“Ontem (5 de abril de 2007), segundo a Folha (de S.Paulo) apurou, a delegação brasileira fazia objeções a uma referência à savanização da Amazônia, causada pelo aquecimento global, no texto final do sumário.”
A delegação brasileira na reunião do Painel Intergovernamental de Mudança Climática (IPCC) não teve sucesso em apagar a menção à savanização e do resumo do relatório do Grupo de Trabalho II, que trata dos impactos das mudanças climáticas e da adaptação, consta esta declaração: “Até meados do século, aumentos na temperatura e a diminuição da quantidade de água no solo devem conduzir à substituição gradual da floresta tropical por savana na Amazônia Oriental”.
A possibilidade de a Floresta Amazônica ser substituída por savana é levantada em nada menos que quatro capítulos do relatório (capítulos 2, 4, 5 e 13). Os três primeiros baseiam-se nas previsões do Centro Hadley do Escritório Meteorológico do Reino Unido, cujo modelo produz os resultados mais catastróficos para a Amazônia. No capítulo 13, que trata da América Latina, a hipótese de que a savanização aconteceria com mais de 80% de probabilidade leva em conta uma série de modelos diferentes e não depende apenas dos resultados do modelo do Centro Hadley.
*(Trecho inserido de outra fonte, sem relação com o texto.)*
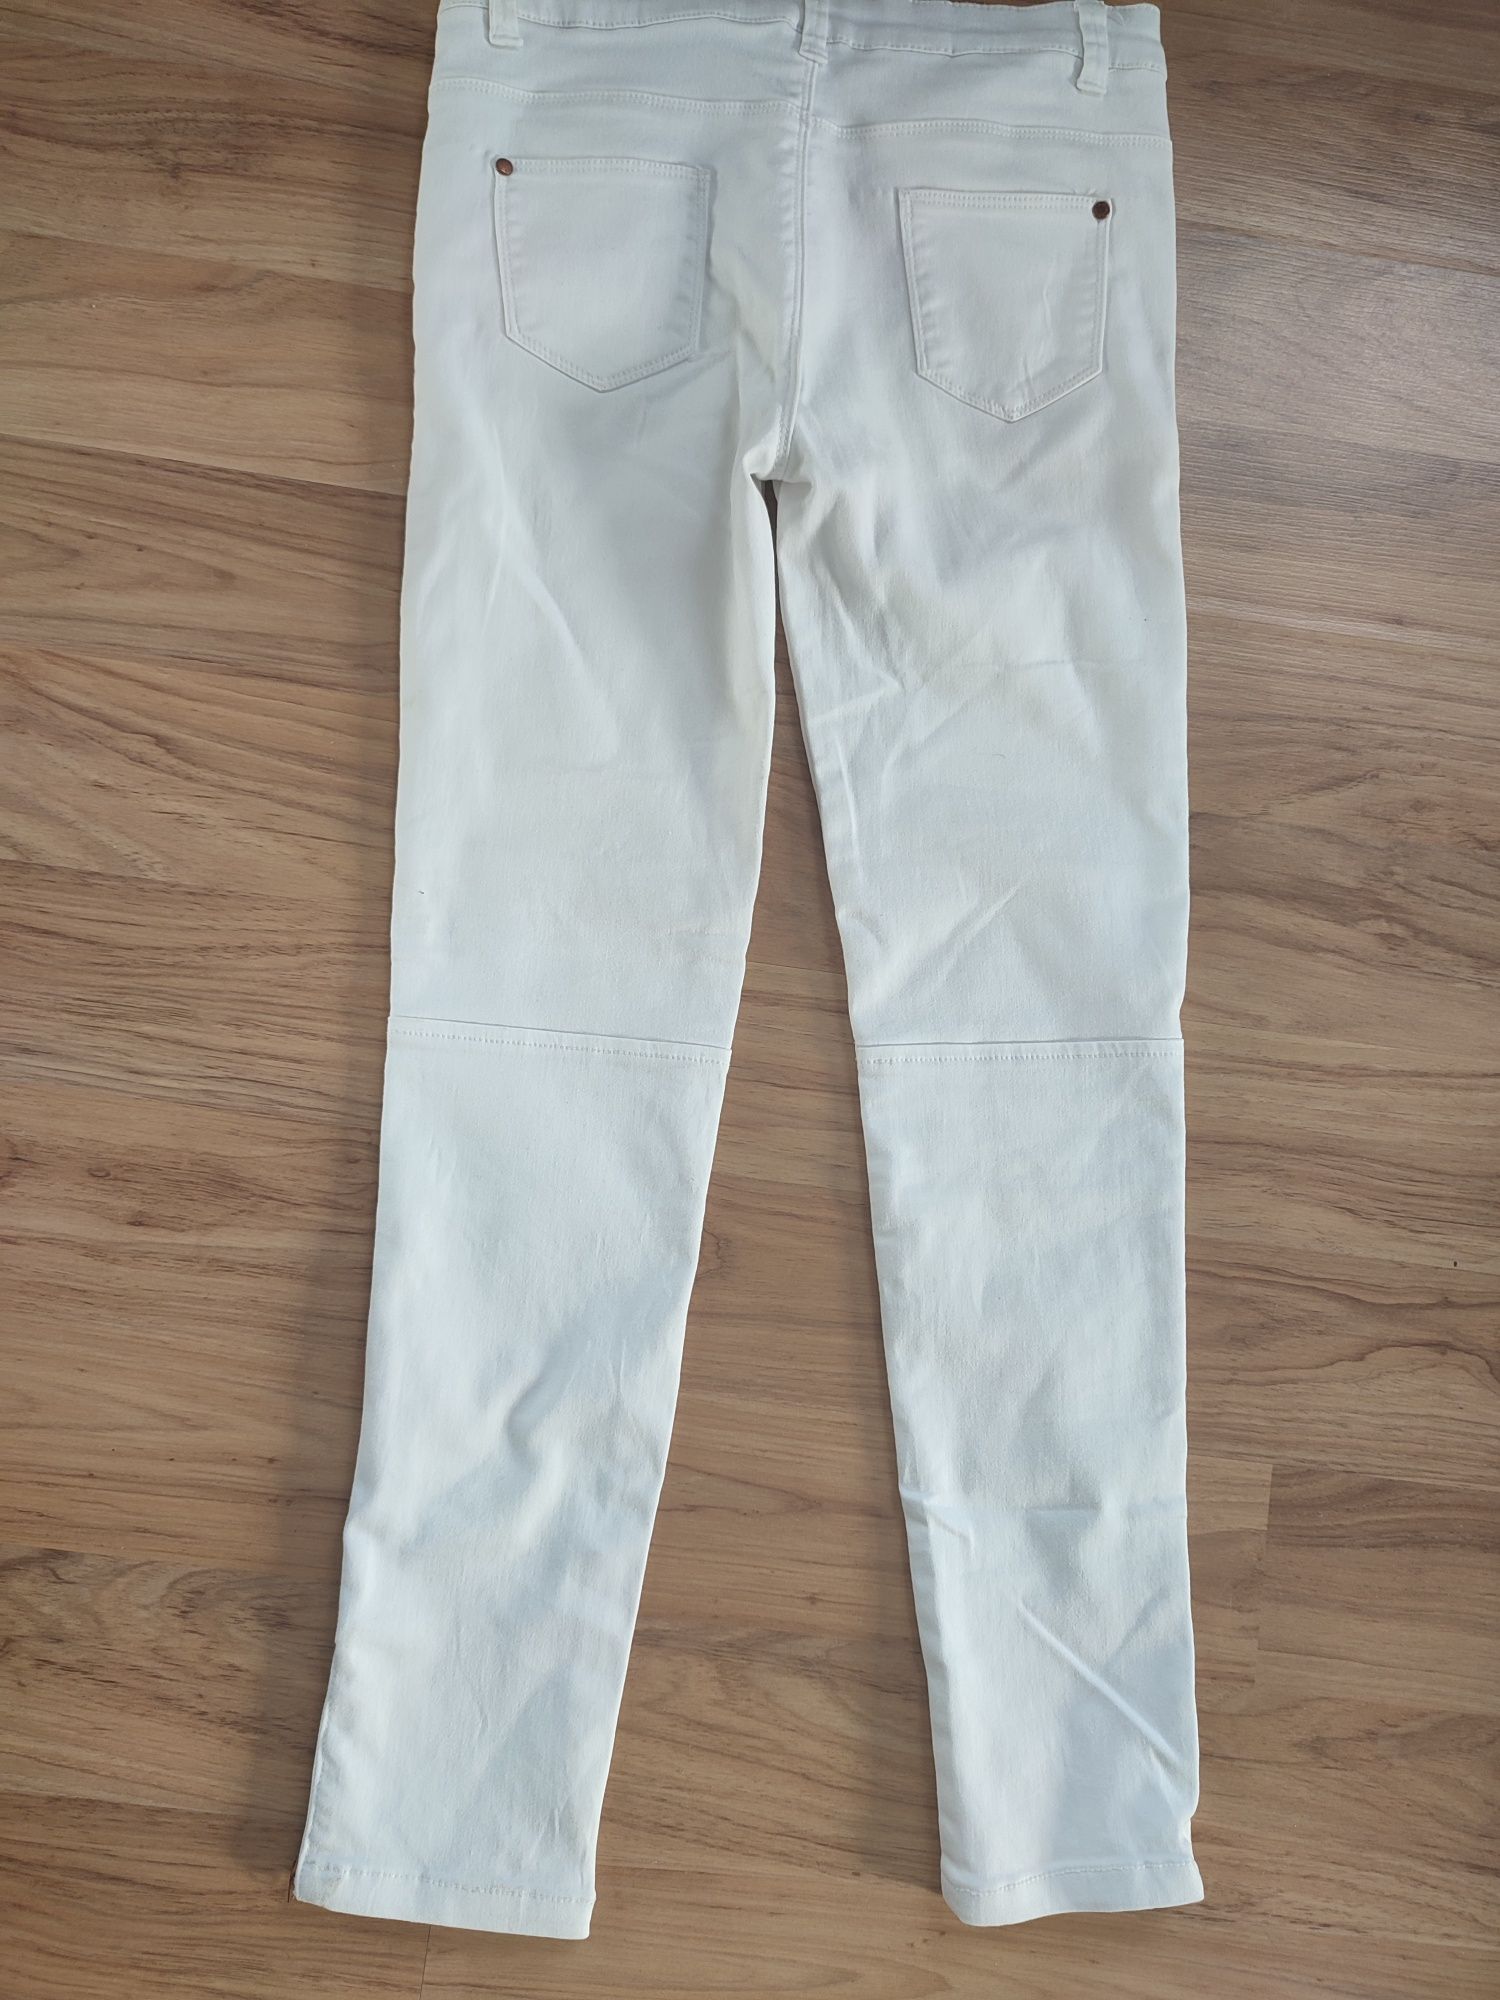 Białe spodnie denim rozpinane skinny xxs xs

A grande diversidade de resultados previstos por meio de diferentes modelos climáticos, tanto para o mundo como para a Amazônia, não traz conforto. As projeções para as temperaturas globais, divulgadas pelo IPCC em fevereiro de 2007, indicam um aumento máximo de 4 graus acima dos níveis pré-industriais até o ano 2100. Este é
o cenário A2 (gráfico), cujas premissas são de que a industrialização e o crescimento populacional vão continuar de forma diferenciada em diversas partes do mundo, e que o aumento da eficiência tecnológica será modesto.
Embora o IPCC não use o termo business as usual, isto é o que o cenário A2 está mais próximo de representar. Outros três cenários partem de tendências atuais, presumindo que o crescimento da população e/ou o impacto da industrialização sejam reduzidos.
Cachinhos dourados
A maioria das pessoas, quando confrontada com uma série de resultados, tende a considerar que o médio é provavelmente o mais correto. A lógica não se aplica a esse caso. Em vez disso, é a curva mais alta do gráfico – que corresponde ao cenário A2 – a mais provável de ocorrer se não houver mudança de política para reduzir as emissões de gases de efeito estufa.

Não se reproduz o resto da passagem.